**Exercise brief**
Within the listing below, please show every line carrying the string "Night".

**Material to process**
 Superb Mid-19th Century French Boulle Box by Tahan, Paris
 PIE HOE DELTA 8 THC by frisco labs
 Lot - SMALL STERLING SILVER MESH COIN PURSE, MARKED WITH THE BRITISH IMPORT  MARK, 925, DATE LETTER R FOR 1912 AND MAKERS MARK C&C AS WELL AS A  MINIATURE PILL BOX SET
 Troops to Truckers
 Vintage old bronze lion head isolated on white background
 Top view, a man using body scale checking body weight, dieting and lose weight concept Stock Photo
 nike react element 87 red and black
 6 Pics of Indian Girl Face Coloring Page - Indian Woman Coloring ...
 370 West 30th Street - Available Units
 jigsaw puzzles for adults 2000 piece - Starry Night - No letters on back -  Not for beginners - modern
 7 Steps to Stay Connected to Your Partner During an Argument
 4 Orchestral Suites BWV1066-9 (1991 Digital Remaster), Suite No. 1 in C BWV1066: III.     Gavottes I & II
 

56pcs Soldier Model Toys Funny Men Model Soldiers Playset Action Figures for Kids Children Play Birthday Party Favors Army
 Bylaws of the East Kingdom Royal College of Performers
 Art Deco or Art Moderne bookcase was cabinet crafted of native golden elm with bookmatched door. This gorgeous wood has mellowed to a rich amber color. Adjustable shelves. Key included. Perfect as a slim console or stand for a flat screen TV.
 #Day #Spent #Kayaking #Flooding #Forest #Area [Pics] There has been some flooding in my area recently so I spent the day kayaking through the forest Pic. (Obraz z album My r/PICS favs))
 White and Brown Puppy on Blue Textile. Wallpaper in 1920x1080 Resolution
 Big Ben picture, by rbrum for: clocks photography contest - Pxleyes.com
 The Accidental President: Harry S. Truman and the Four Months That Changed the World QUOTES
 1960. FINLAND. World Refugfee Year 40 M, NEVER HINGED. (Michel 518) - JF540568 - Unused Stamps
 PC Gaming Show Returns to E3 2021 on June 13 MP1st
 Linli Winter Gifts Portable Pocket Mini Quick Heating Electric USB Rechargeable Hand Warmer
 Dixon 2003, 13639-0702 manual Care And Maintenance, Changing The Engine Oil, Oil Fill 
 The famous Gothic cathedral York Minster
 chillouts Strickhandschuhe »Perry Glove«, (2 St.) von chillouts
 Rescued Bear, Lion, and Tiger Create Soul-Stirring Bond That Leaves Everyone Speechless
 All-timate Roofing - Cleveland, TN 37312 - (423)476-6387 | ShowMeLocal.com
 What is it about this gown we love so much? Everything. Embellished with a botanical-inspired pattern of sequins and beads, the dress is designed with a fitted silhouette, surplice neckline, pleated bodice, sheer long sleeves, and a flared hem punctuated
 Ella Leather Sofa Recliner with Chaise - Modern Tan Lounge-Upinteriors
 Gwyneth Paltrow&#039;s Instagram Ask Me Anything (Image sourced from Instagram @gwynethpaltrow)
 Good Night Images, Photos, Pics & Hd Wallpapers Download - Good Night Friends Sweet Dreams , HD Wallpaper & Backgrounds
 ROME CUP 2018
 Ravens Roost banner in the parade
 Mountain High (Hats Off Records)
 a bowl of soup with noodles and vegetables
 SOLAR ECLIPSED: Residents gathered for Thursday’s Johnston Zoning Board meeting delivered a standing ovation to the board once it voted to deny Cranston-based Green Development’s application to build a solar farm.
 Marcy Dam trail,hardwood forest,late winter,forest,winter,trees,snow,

**Exercise response**
 jigsaw puzzles for adults 2000 piece - Starry Night - No letters on back -  Not for beginners - modern
 Good Night Images, Photos, Pics & Hd Wallpapers Download - Good Night Friends Sweet Dreams , HD Wallpaper & Backgrounds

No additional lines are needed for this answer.